Pommes frites wieder auf US-Speisezettel
Aktualisiert

Pommes frites wieder auf US-Speisezettel

Das Menü für das Abendessen von George W. Bush und Jacques Chirac in der Residenz des Brüsseler US-Botschafters führte keine «freedom fries» auf, sondern «french fries».

Auf dem Höhepunkt des Zwistes um den Irak-Krieg hatte der US-Kongress die «french frees» in der Cafeteria durch «freedom fries» ersetzt. Aber wenn Bush und sein Brüsseler Dinner-Gast Chirac etwas gemeinsam haben, dann ist es die Wertschätzung für gutes Essen - auch zu Zeiten, in denen die Politik des jeweils anderen Staatschefs zu Magenverstimmungen Anlass gibt.

Beim Essen am Montagabend habe Bush besonders auf die Pommes frites hingewiesen, berichtete Chiracs Sprecher Jerome Bonnafont. Ausserdem gab es Risotto mit Hummer und Rinderfilet mit einer Sauce bordelaise. «Dies ist das erste Abendessen in Europa seit meiner Wiederwahl», bemerkte Bush. «Ich nehme es mit Jacques Chirac ein, und das hat seine Bedeutung. Es soll sagen, wie wichtig diese Beziehung für mich persönlich ist und wie wichtig diese Beziehung für mein Land ist.»

Bei so viel Zuneigung fühlte sich ein französischer Journalist ermutigt, Bush nach einer möglichen Einladung für Chirac auf seine Ranch in Texas zu fragen. «Ich suche einen guten Cowboy», antwortete Bush mit einem Lachen. Chirac wies grundsätzlicher daraufhin, dass die amerikanisch-französischen Beziehungen «seit mehr als 200 Jahren hervorragend» seien - aber das bedeute «nicht notwendigerweise, dass wir jederzeit zu jedem Thema übereinstimmen».

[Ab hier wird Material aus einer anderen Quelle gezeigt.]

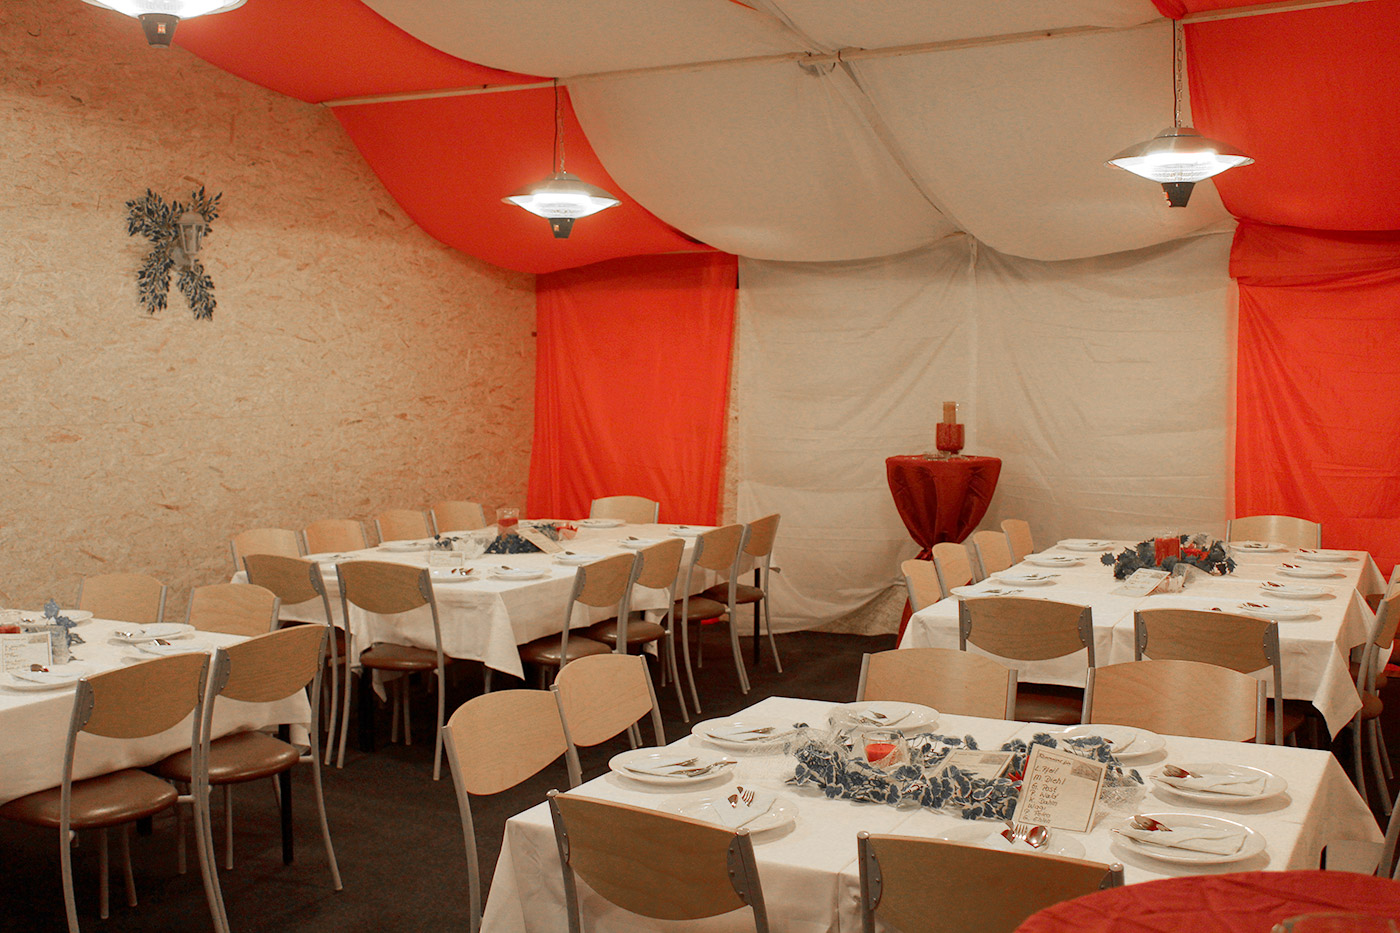 Pavillon festlich Gasthaus En d'r Burg
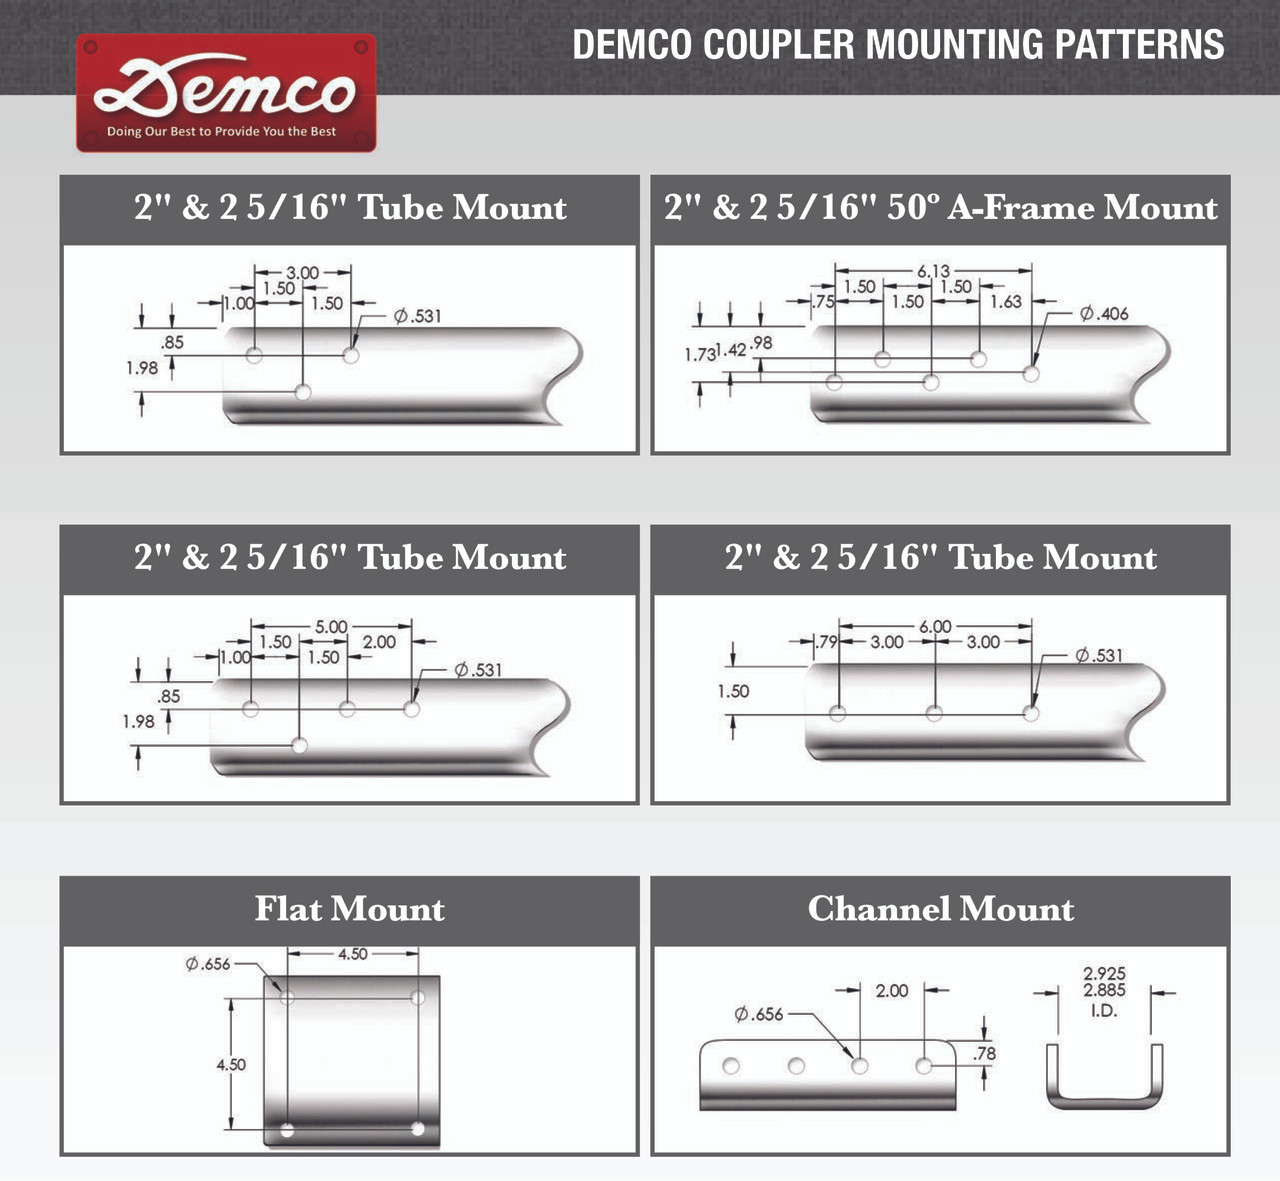 "13203-52 --- Demco eZ Latch Silver 2-5/16"" Coupler fits 3"" tongue - 18,000 lb Capacity"

Immerhin verbreiteten beide eine gemeinsame Erklärung, in der Syrien zum Abzug aus dem Libanon aufgefordert wird. Und ein amerikanischer Regierungsbeamter teilte mit, dass Chirac in diesem Jahr die USA besuchen werde. Bei anderen Themen der internationalen Beziehungen blieben die Meinungsverschiedenheiten hingegen bestehen - die unterschiedliche Einschätzung der iranischen Politik, der europäische Vorschlag zur Aufhebung des Waffenembargos gegen China, das Kyoto-Protokoll zum Schutz der Erdatmosphäre.

Zuletzt speisten Bush und Chirac im Juni vergangenen Jahres zusammen. Damals war der US-Präsident Gastgeber für das Gipfeltreffen der Gruppe der Acht in Georgia und erinnerte sich mit freundlichen Worten an das gute Essen bei den Feiern zum 60. Jahrestag der alliierten Landung in der Normandie. Chirac revanchierte sich mit Lob für Cheeseburger und anderes amerikanisches Traditionsessen: «Die Küche hier in Amerika war sicherlich auf gleichem Niveau mit der französischen Küche, und ich bitte den Präsidenten, dem Küchenchef meinen Dank zu übermitteln.»